Understanding Functions in High-Level Languages
Modern disassemblers are quite intelligent and take on the lion’s share of recognition of key structures. In particular, IDA Pro successfully copes with the identification of standard library functions, local variables addressed through the RSP register, case branches, and more. However, sometimes IDA is mistaken, misleading the researcher, besides, the high cost of IDA Pro does not always justify its use. For example, students of assembly language (and the best way to learn assembly language is to disassemble other people’s programs), Ida can hardly afford.
Of course, the world did not converge on IDA, there are other disassemblers – for example, the same DUMPBIN, which is included in the standard delivery of the SDK. Why not take advantage of it? Of course, if there is nothing better at hand, DUMPBIN will do, but in this case you will have to forget about the intelligence of the disassembler and use only your head.
Getting Started with Non-Optimizing Compilers
First of all, we will get acquainted with the results of the work of non-optimizing compilers – the analysis of their code is relatively simple and quite understandable even for beginners in programming. Then, having mastered the disassembler, we move on to more complex things – optimizing compilers that generate very tricky, confusing and ornate code.
Identifying Functions
Function identification is the first step in the study of programs written in high-level languages. A function (also called a procedure or subroutine) is the basic building block of procedural and object-oriented languages, so code disassembly usually begins with identifying functions and identifying fictitious arguments passed to them. Strictly speaking, the term “function” is not present in all languages, but even where it is present, its definition varies from language to language.
Without going into details, we will understand a function as a separate sequence of commands called from various parts of the program. A function may take one or more arguments, or it may take none; may return the result of its work, or may not return. The key property of a function is the return of control to the place of its call, and its characteristic feature is the multiple call from different parts of the program (although some functions are called from only one place).

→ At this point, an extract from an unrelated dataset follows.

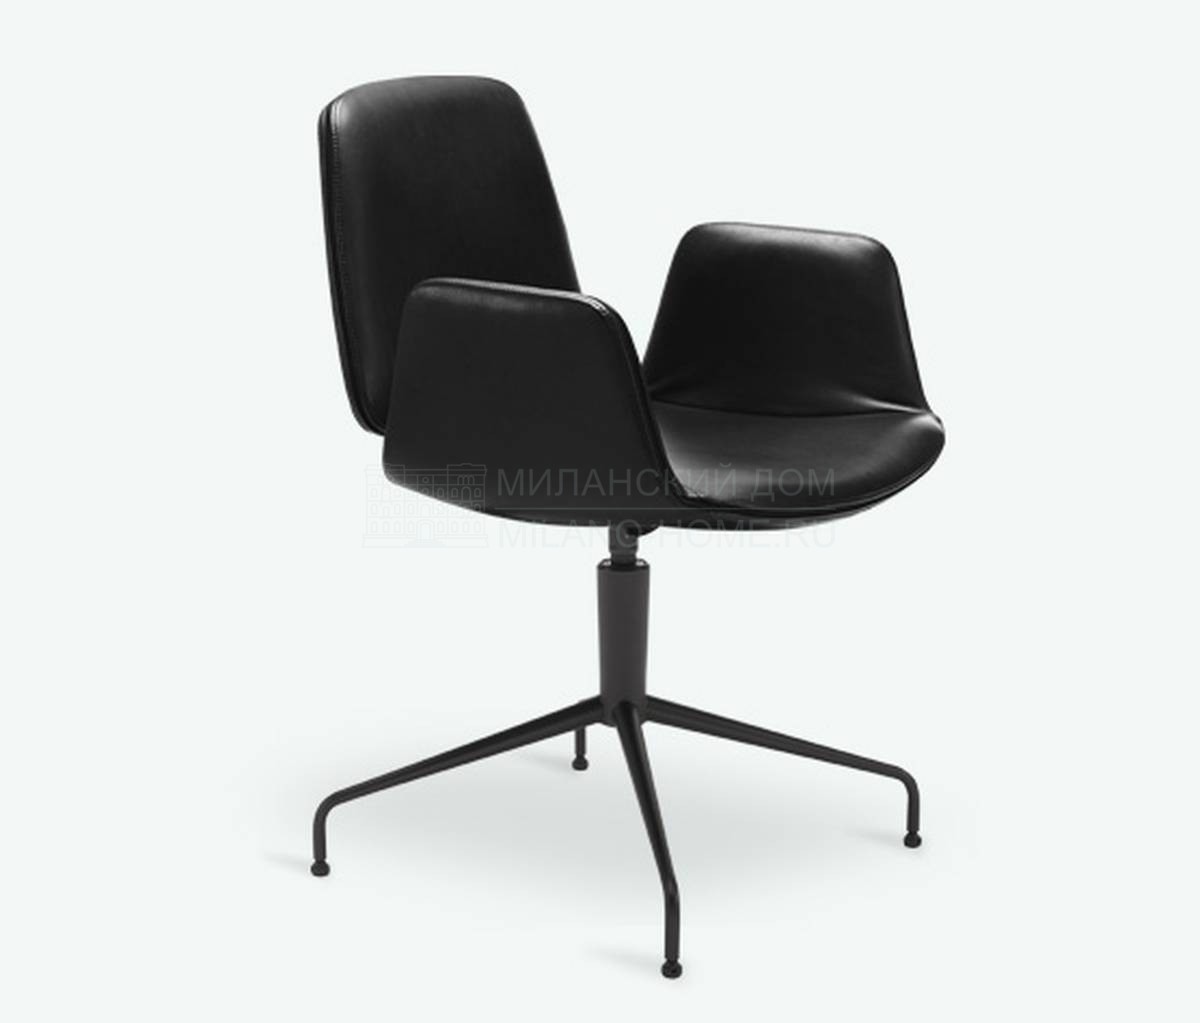 Полукресло Tilda chair black leather из Германии фабрики FREIFRAU
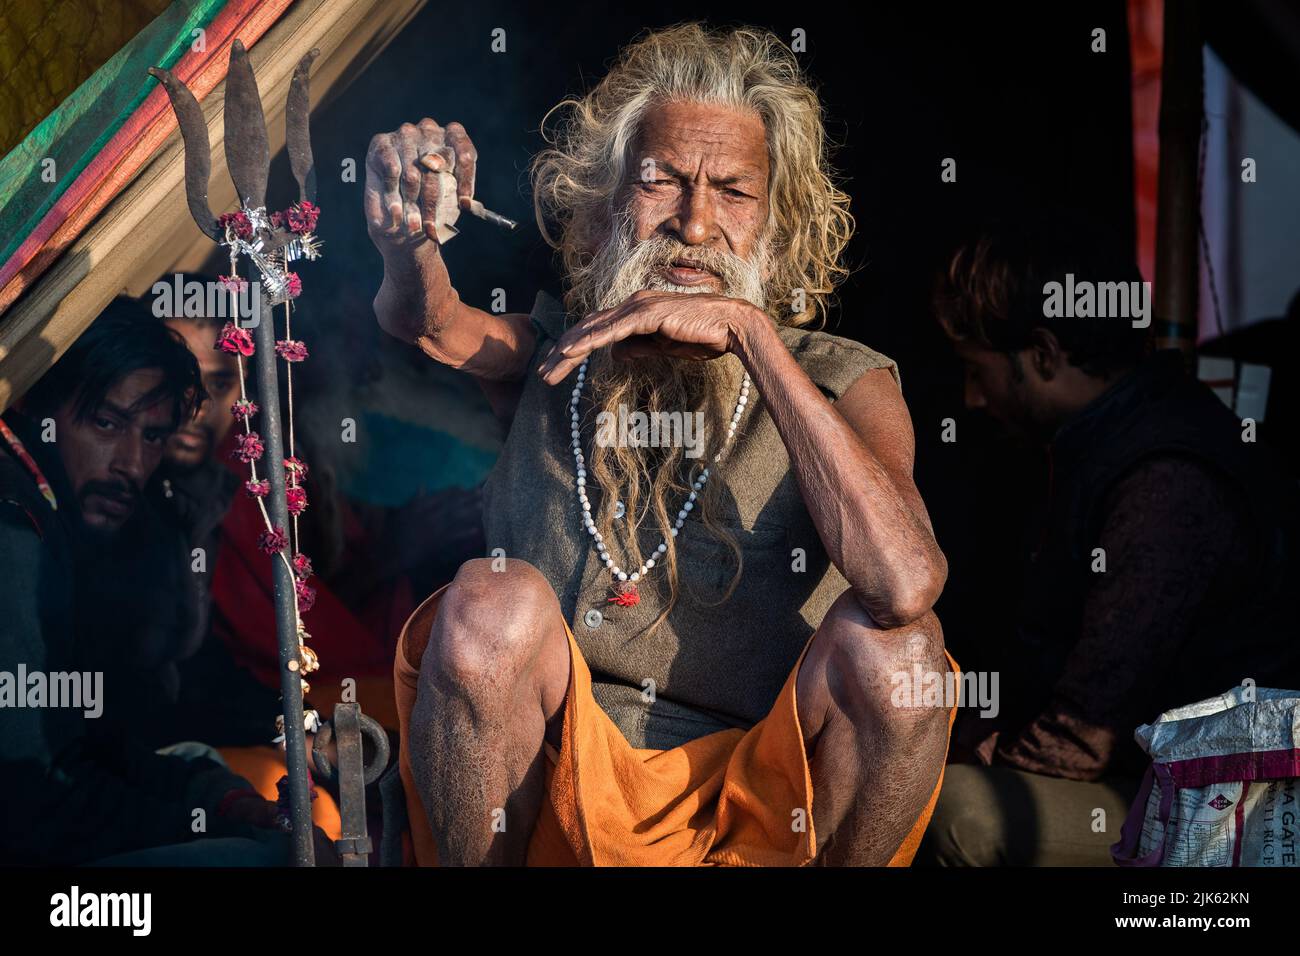 L'homme Saint indien Amar Bharati Urdhavaahu, qui a gardé son bras levé pendant plus de 40 ans en l'honneur de Dieu hindou Shiva, au Festival Kumbh Mela en Inde. Banque D'Images

How does the function know where to return control? Obviously, the calling code must first store the return address and, along with other arguments, pass it to the called function. There are many ways to solve this problem: you can, for example, put an unconditional jump to the return address at the end of the function before calling it, you can save the return address in a special variable and, after the function ends, perform an indirect jump using this variable as the operand.